Он сунул трубу Резену и, размахивая шпагой, побежал к солдатам, занявшим позицию у самой воды на берегу.

— Залпами, залпами! Чешите им загривок! Хорошенько! Ишь чего захотели! На матушке Двине хозяевать? Как бы не так!

Молодой солдат, приладивший мушкет на камне валуне, не выдержав, расхохотался, глядя на кругленького, исходящего бранью стольника. А тот рассердился, хлопнул солдата шпагой плашмя пониже спины:

— Рано ишшо зубы то скалить! Пали! Целься верней!

— Так ведь далеко! Пулей не достать, господин стольник! — сказал солдат.

— Как — не достать? Почему? Приказываю достать! — в запальчивости скомандовал Иевлев.
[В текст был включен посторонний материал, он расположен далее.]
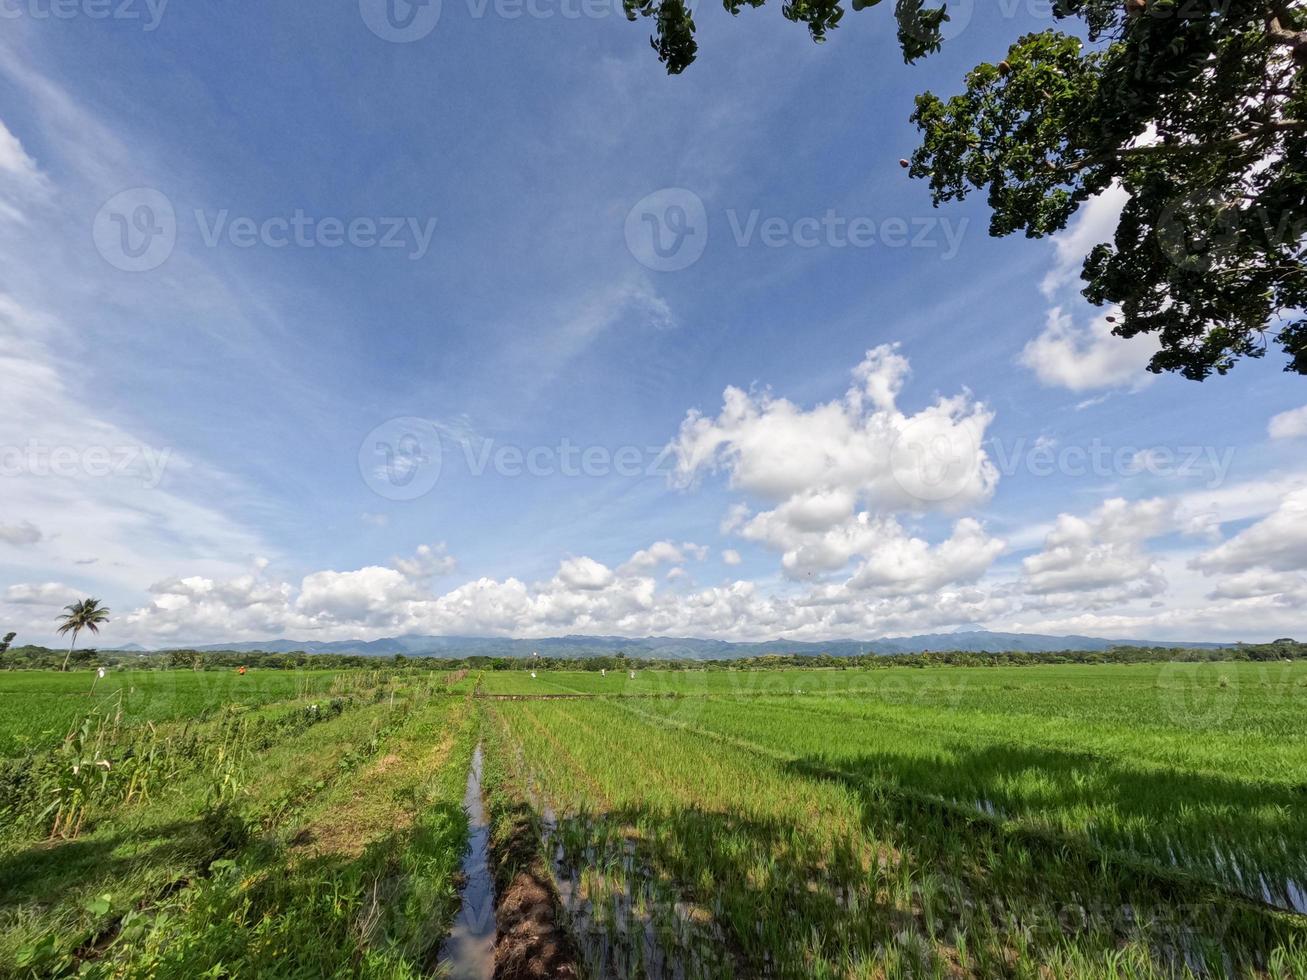 vista dos campos de arroz durante o dia com céu azul e nuvens brancas ao fundo, dia ensolarado na zona rural foto

На соседней батарее пушкарями командовал Животовский. Его левая рука висела на перевязи.

Шведы покидали изрядно побитые корабли, опрометью на «малых посудинках» улепетывали на уцелевший второй фрегат, предусмотрительно остановившийся в отдалении от первого. Шлюпки летели, как гонимые ураганом. В воду падали треуголки, оружие, оброненные в великой суматохе.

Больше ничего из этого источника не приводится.